Three Phases of Ever

“So if the Universe isn’t in a steady state and it’s not heading for a Big Crunch, I guess it’s getting bigger forever, huh?”

“Careful, Jeremy, the Universe expansion could maybe reach a stopping point if it happened to hold exactly the right amount of mass‑energy. The expansion could just stop when forces balance out.”

“What forces, Mr Moire? There’s gravity pulling everything together so what’s pushing them apart?”

“That is an excellent question, one that we don’t yet have an answer for. We’re about where Newton was with gravity. There was a lot of observational evidence, he had a name for it and knew how to calculate its effects, but he didn’t know how it worked. That’s us with Einstein’s Cosmological Constant.”

“Observational evidence — we can actually see things accelerate?”

“Not any one object speeding up. Human lifetimes are too short to measure acceleration in galaxies a hundred thousand lightyears across. No, we use the same strategy that Hubble used — measure many galaxies at different distances from us and graph recession speed against distance. During the century since Hubble we’ve greatly improved our estimates of astronomical speeds and distances. Dividing the known speed of light into a galaxy’s measured distance tells us time since it emitted the photons we see. Our findings confirm Hubble’s general conclusion — on average, older photons come from galaxies that fly away faster. Hubble thought that the relation was linear but our fine‑tuned numbers show otherwise. The data says that after the first few seconds the Universe stretched at a steady rate for only the first ⅔ of its life. The stretch has been accelerating since then.”

“Why wasn’t it accelerating since the beginning? Did someone cut in the afterburner?”

“More like turned one off. The evidence and theory we have so far indicate the Universe has seen a succession of phases dominated by different processes. You’ve probably heard of inflation—”

“Have I? You should see what they want for a burger these days!”

“Not that sort of inflation, but I know how you feel. No, I’m referring to cosmic inflation, very early in the Big Bang sequence, when the Universe expanded by a factor of 1026 within a tiny fraction of a second. It was driven by enormously powerful radiation‑linked effects we don’t understand that finally ran out of steam and let lower‑energy processes take over.”

“How’d that happen?”

“We don’t know. The general principle is that one process so dominates what’s going on in a phase that nothing else matters, until for some reason it stops mattering and we’re in a new phase with a different dominant process. The early Universe was controlled by radiative processes until things cooled off enough for particles to form and persist. That changed the game. Gravity dominated the next 8 billion years. Particles clumped together, atoms then dust then solar systems into larger and larger structures with bigger spaces between them. About 5 billion years ago the game changed again.”

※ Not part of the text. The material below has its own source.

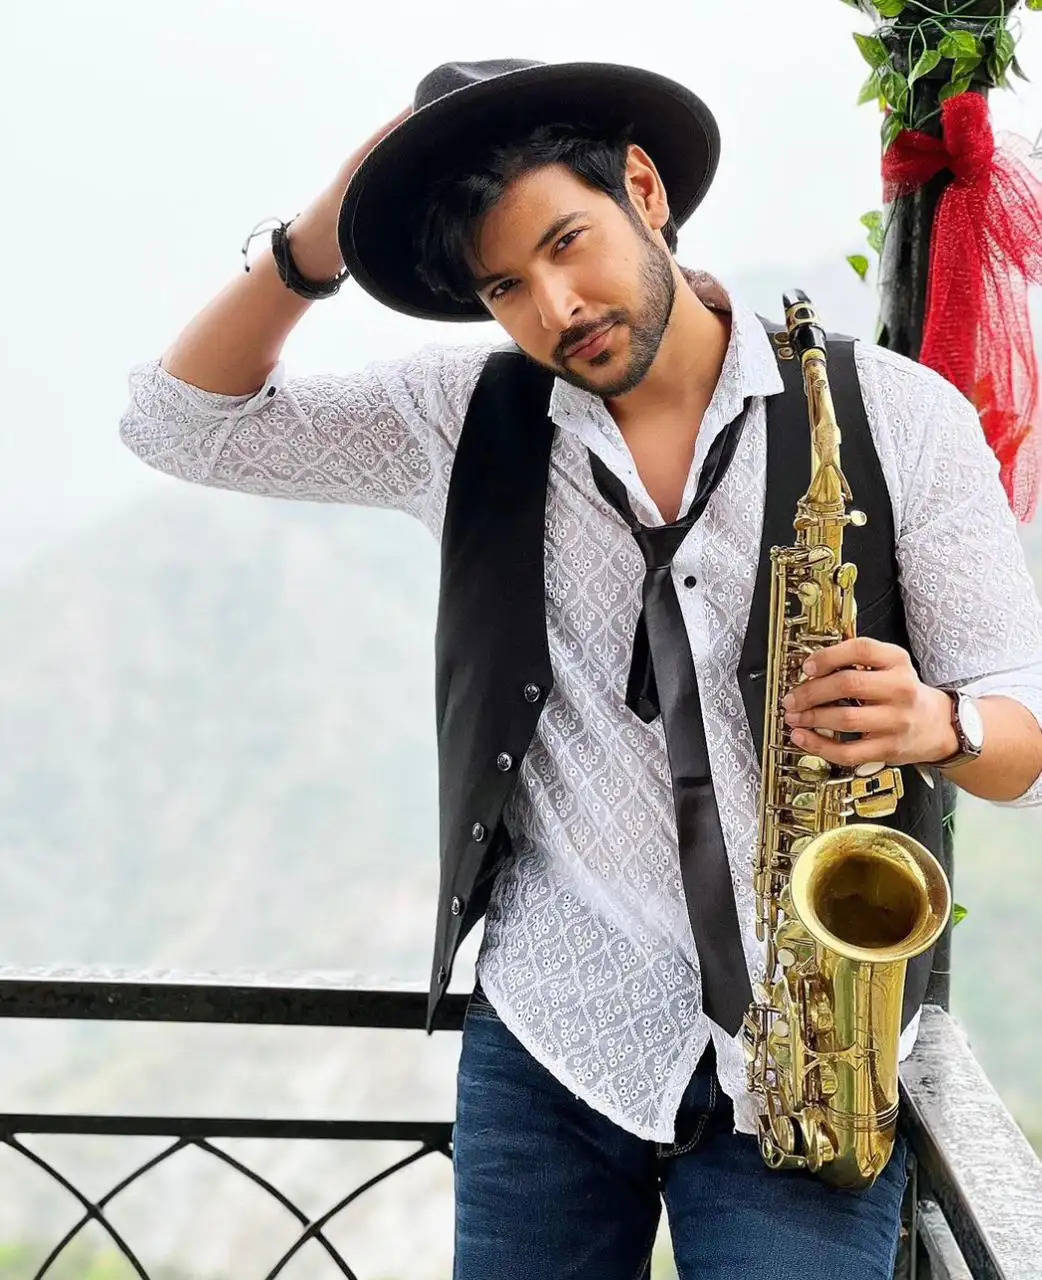 Aakhri Sach actor Shivin Narang’s new music video is a delight for the audience

“So early on there weren’t even atoms, huh? Wow. What was the next game‑changer?”

“Thanks to Einstein and Friedmann’s work we’ve got at least a guess.”

“Friedmann?”

“Alexander Friedmann. He was a Russian physicist, used Einstein’s General Relativity results to derive three equations that together model the dynamics of the overall scale of the Universe using just a few estimates for current conditions. His equations give acceleration as the difference of two terms. The positive term is simply proportional to Einstein’s Constant. The negative term depends on both average mass density and pressure. Take a moment to think.”

“Umm… Positive is acceleration, negative is deceleration, density and pressure go down … If the negative term gets smaller than the positive one, acceleration increases, right?”

“It does, and we think the constant term has been increasingly dominant for 5 billion years. Something else to consider — the equation’s result is in terms of scale change divided by current scale. What’s it mean if that ratio’s a positive constant?”

“Change by a constant positive percentage … that’s exponential growth!”

“I thought you’d recognize it. Einstein’s Constant implies the scale of the Universe grows at an exponentially accelerating rate. We’re now in the Cosmological Constant phase.”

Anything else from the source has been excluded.